Al primer gol húngaro, tanto abuela como papá lo asimilaron mejor que el
propio Solé, quien ya había anunciado que en cualquier momento "se nos
caería la noche". La abuela sólo suspiró y dijo:
-Nos va a costar bastante más de lo que yo pensaba.
Mi padre cumpliendo sus obligaciones de yerno, creyó necesario darle un dato
más tranquilizador.
-Nadie que haga el primer gol, ha ganado la final del Campeonato del Mundo.
-Pero esta no es la final -objeté.
Mi padre me miró como si yo fuera un secante.
-Es -decretó.
El segundo gol, sacó a mi padre definitivamente de su silla. No se sentó
más. Como si siguiera una pelota, comenzó a ir y volver a su antojo por el
comedor vacío. A cada instante, consultaba su reloj.
Que yo recuerde, ni la abuela ni papá festejaron demasiado el primer gol de
Hohberg. Tampoco Solé, que lo gritó de golpe, como si la jugada lo hubiese
sorprendido.
Como a los tres minutos, cuando casi hacemos otro gol, mi padre gritó como
cuatro años atrás:
-¡Uruguaaay! ¡Uruguaaay! ¡Los tenemos!
La abuela empezó a mecerse, hacía rato que se había quedado quietita.
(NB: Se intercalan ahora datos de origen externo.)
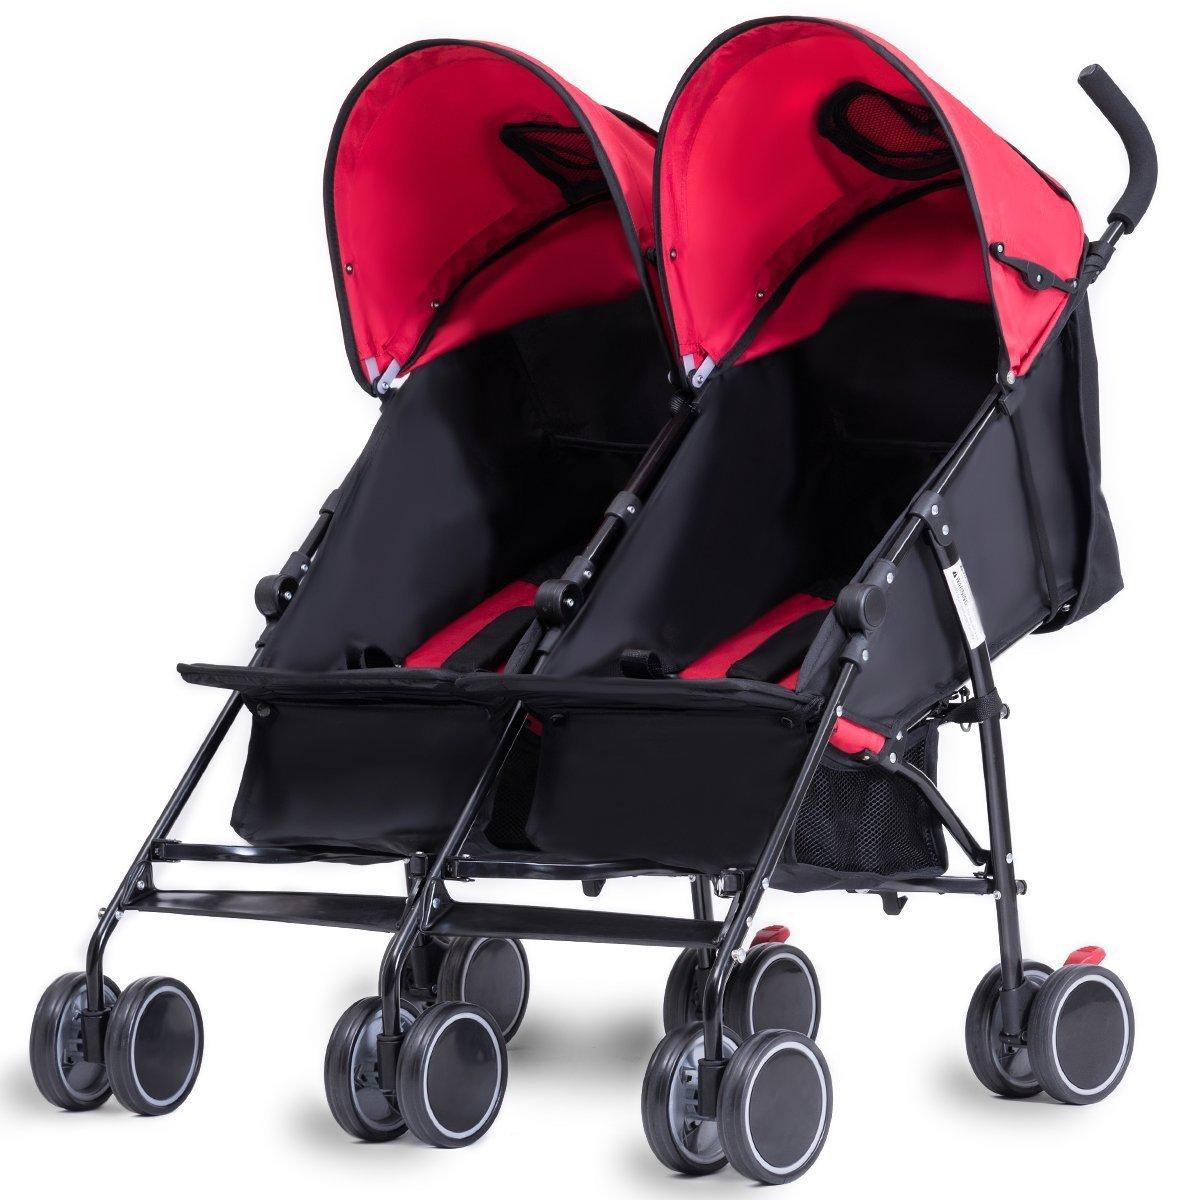 Costzon Twin Ultralight Stroller, Foldable Double Umbrella Stroller (Scarlet)

Cuando se venía el segundo gol, había algo en la voz de Solé que ya lo
festejaba aunque el grito se demoró: o porque Hohberg todavía no había
pateado o porque le faltaba el aire para lanzar el grito. Papá tuvo tiempo
de acercarse a la radio y oír el interminable festejo de don Carlos, a quien
se le entrecortaba la voz y hasta gemía, y acompañarlo con su propio grito,
agachado sobre la radio, como si se lo estuviera gritando en la cara, con
toda la rabia juntada, al propio golero húngaro.
Recién cuando lo húngaros ya habían movido y atacaban y tiraron desviado, se
acordó de nosotros que seguíamos abrazados con la abuela y nos palmeó la
cabeza.
Recuerdo que dijo:
-¡Lo que nos han hecho sufrir estos húngaros!
Esa frase y la creciente emoción de Sole me hicieron pensar que lo peor
había pasado. No sufrí demasiado cuando Schiaffino punteó la pelota y esta
se detuvo en la línea, por el barro. No lo viví como un pésimo agüero. Al
contrario, creí que anunciaba que el gol de la victoria estaba al caer.
A papá le afloró el bolso:
-¡Siempre el mismo! ¡Tenía que haberla reventado!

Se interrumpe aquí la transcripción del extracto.